Department of Genome Sciences, University of Washington, Seattle, Washington 98195, USA.
Genome Res. 2011 Oct;21(10):1686-94. doi: 10.1101/gr.121327.111. Epub 2011 Jul 27.
Comparison of protein-coding DNA sequences from diverse primates can provide insight into these species' evolutionary history and uncover the molecular basis for their phenotypic differences. Currently, the number of available primate reference genomes limits these genome-wide comparisons. Here we use targeted capture methods designed for human to sequence the protein-coding regions, or exomes, of four non-human primate species (three Old World monkeys and one New World monkey). Despite average sequence divergence of up to 4% from the human sequence probes, we are able to capture ~96% of coding sequences. Using a combination of mapping and assembly techniques, we generated high-quality full-length coding sequences for each species. Both the number of nucleotide differences and the distribution of insertion and deletion (indel) lengths indicate that the quality of the assembled sequences is very high and exceeds that of most reference genomes. Using this expanded set of primate coding sequences, we performed a genome-wide scan for genes experiencing positive selection and identified a novel class of adaptively evolving genes involved in the conversion of epithelial cells in skin, hair, and nails to keratin. Interestingly, the genes we identify under positive selection also exhibit significantly increased allele frequency differences among human populations, suggesting that they play a role in both recent and long-term adaptation. We also identify several genes that have been lost on specific primate lineages, which illustrate the broad utility of this data set for other evolutionary analyses. These results demonstrate the power of second-generation sequencing in comparative genomics and greatly expand the repertoire of available primate coding sequences.
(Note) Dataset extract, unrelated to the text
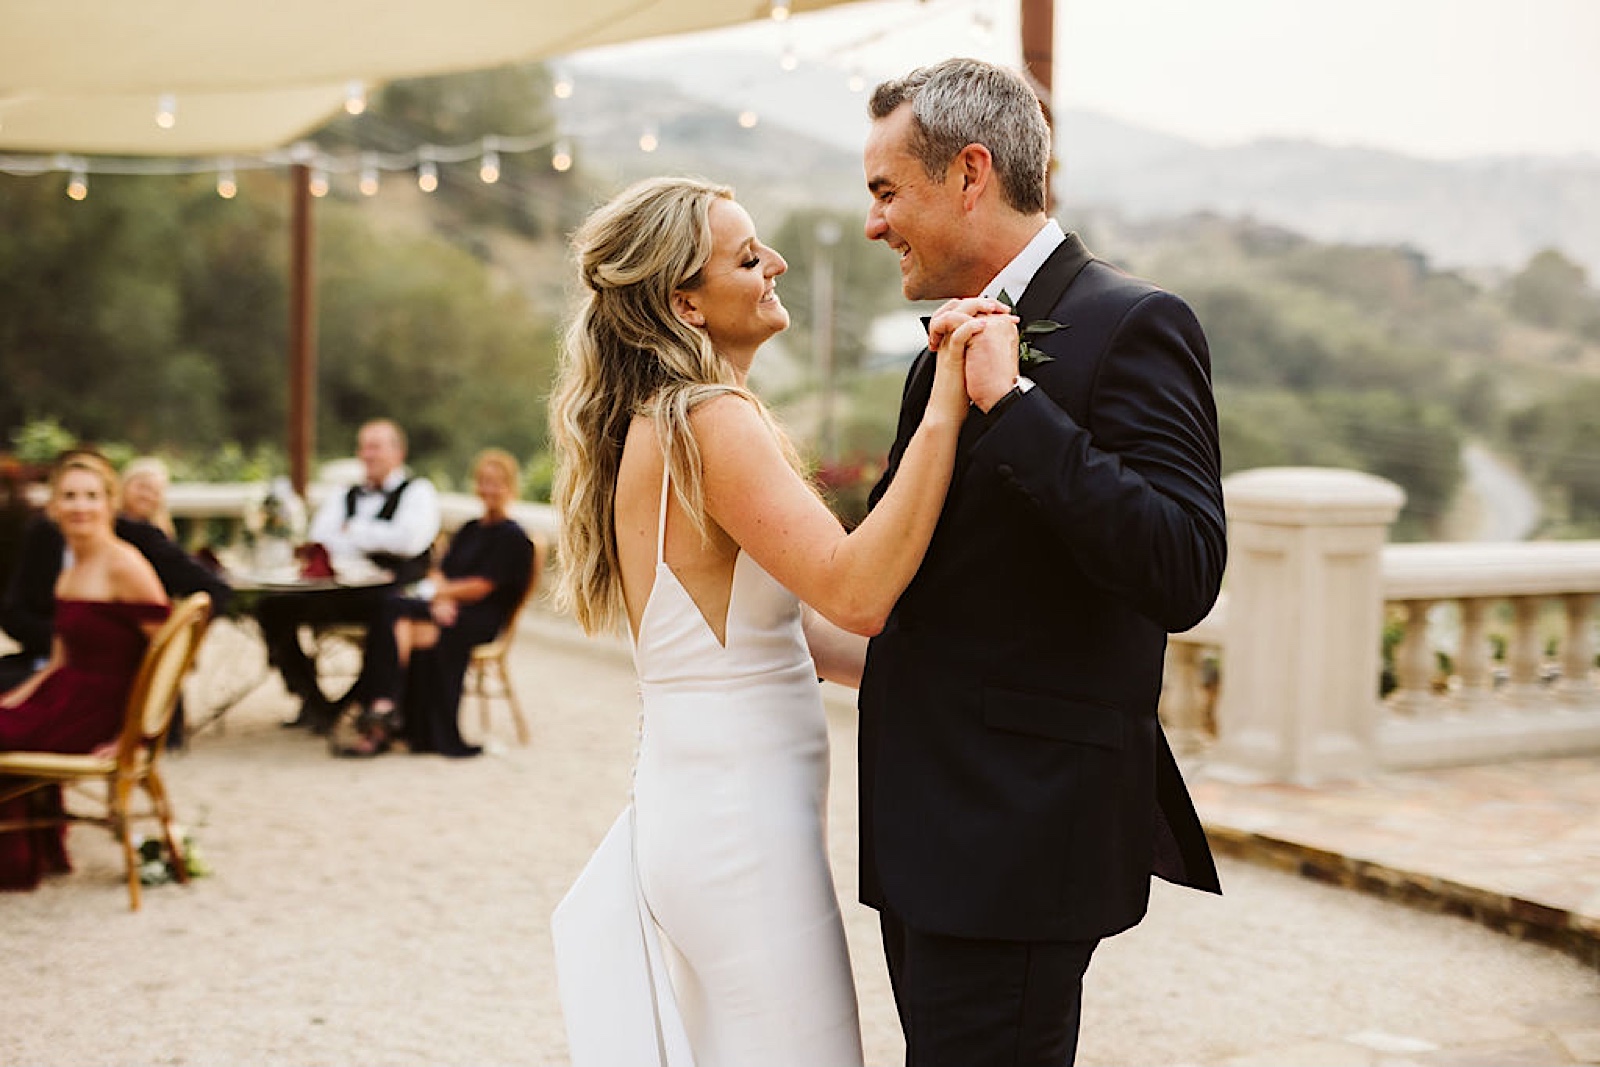 Vibrant Wedding At Siren Song Vineyard: bride and groom first dance

来自不同灵长类动物的蛋白质编码 DNA 序列的比较,可以深入了解这些物种的进化历史,并揭示它们表型差异的分子基础。目前,可用的灵长类动物参考基因组数量限制了这些全基因组比较。在这里,我们使用专门针对人类设计的靶向捕获方法来对四种非人类灵长类动物(三种旧世界猴和一种新世界猴)的蛋白质编码区(外显子)进行测序。尽管与人类序列探针的平均序列差异高达 4%,但我们仍能够捕获到约 96%的编码序列。通过使用映射和组装技术的组合,我们为每个物种生成了高质量的全长编码序列。核苷酸差异数量和插入缺失(indel)长度的分布都表明组装序列的质量非常高,超过了大多数参考基因组。利用这组扩展的灵长类动物编码序列,我们进行了全基因组范围内的正选择基因扫描,并鉴定出了一类新的适应性进化基因,它们参与了皮肤、毛发和指甲中上皮细胞向角蛋白的转化。有趣的是,我们在正选择下鉴定的基因在人类群体中也表现出显著增加的等位基因频率差异,这表明它们在近期和长期适应中都发挥了作用。我们还鉴定了一些在特定灵长类动物谱系中丢失的基因,这说明了这个数据集在其他进化分析中的广泛用途。这些结果表明了第二代测序在比较基因组学中的强大功能,并极大地扩展了可用的灵长类动物编码序列的范围。